TÜRKİYE’NİN ARKA BAHÇESİ
Kuzey Kıbrıs’taki birçok tanınan otelin insan kaçakçılığı ve fuhuş suçlarına ortak olduğunu ileri süren Osum, Türkiye’den gelen birçok kişinin bu otellerde ağırlandığını belirtti.
Türkiye ve Kıbrıs’ın bu kurulan ağdan çıkarının olması sebebiyle sessiz kalındığını dile getiren Osum, “Uyuşturucu ve kadın ticareti, kara para aklama gibi işler buralarla da çok ilişkili. Anlattığım eğlence sektörü, gazinoların işletilmesi de dahil hepsi bir puzzleın, bu düzenin parçası. Kıbrıs kadın ticareti, uyuşturucu, kara para aklama gibi suçların merkezi haline getirildi. Mesela gazeteci Kutlu Adalı 90’larda tam da bu kara para aklama, uyuşturucu ve insan ticaretini ortaya koyduğu için katledildi. Türkiye burayı arka bahçesi yapmaya 90’larda başladı. Dolayısıyla şu anda da devam ediyor” şeklinde konuştu.
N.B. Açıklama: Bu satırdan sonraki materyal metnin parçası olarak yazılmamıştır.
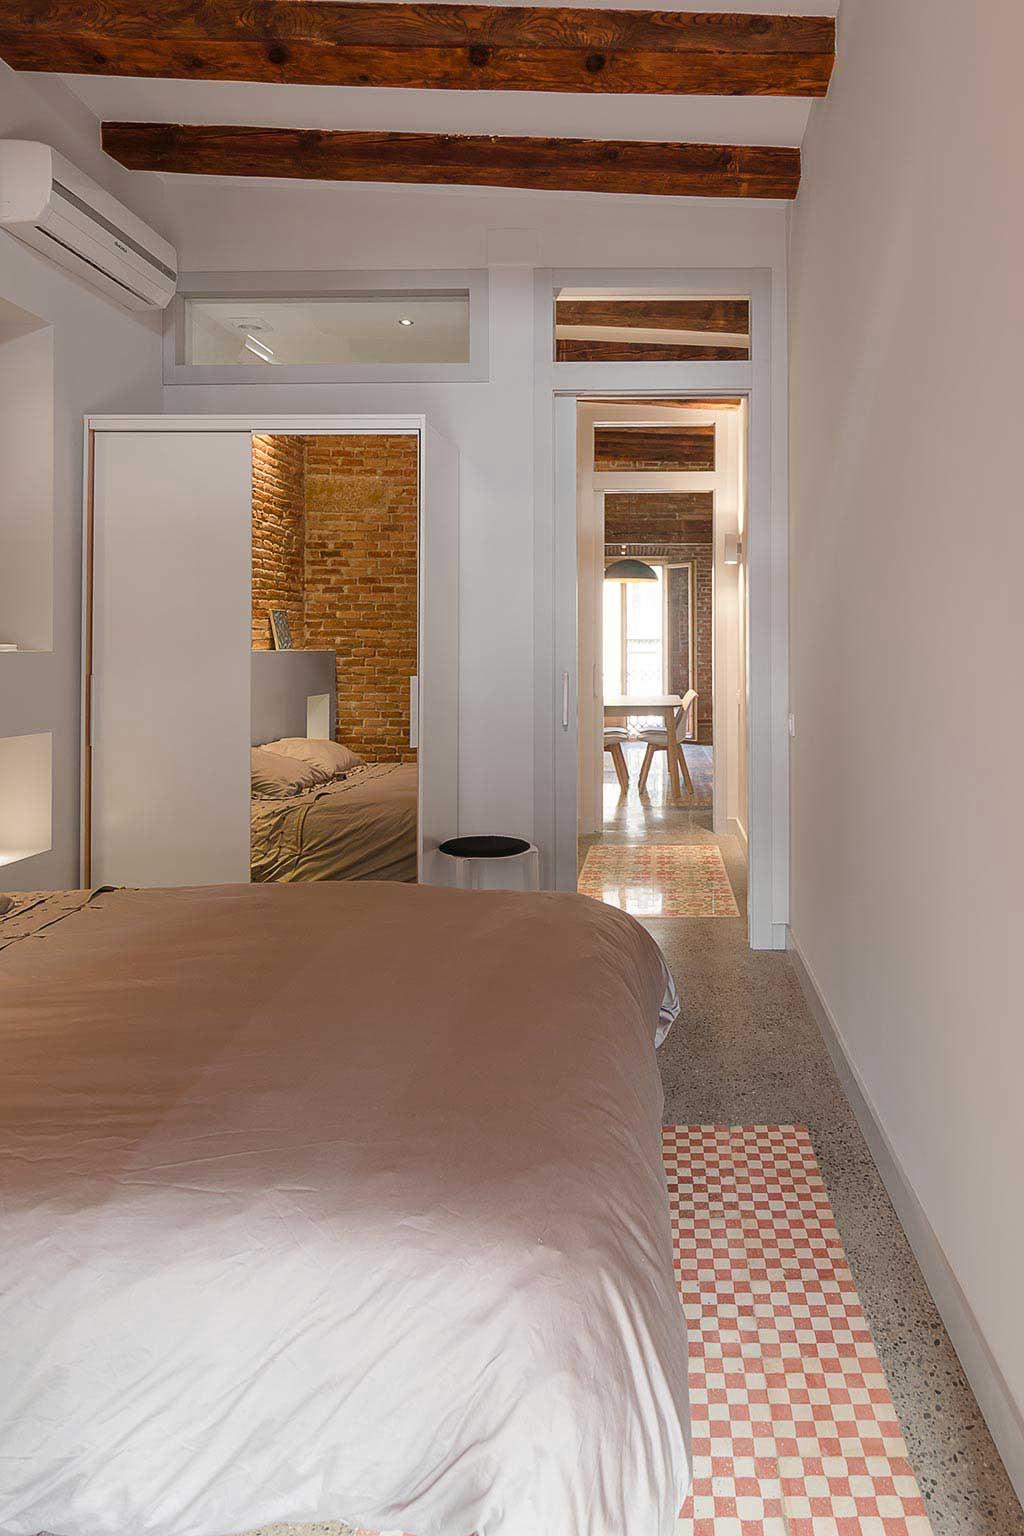 slaapkamer-cementtegels

Osum, Kıbrıs’ın “içe kapalı, Türkiye’nin tekelinde bir bölge” konumunda olduğunu söyleyerek, Kıbrıslıların tam bağımsız bir ülke istediklerini, Federal Kıbrıs çatısı altında demokratik değerleri benimseyen, insan haklarını tanıyan ve uygulayan bir devlet çatısı altında yaşamak istediklerini ifade etti.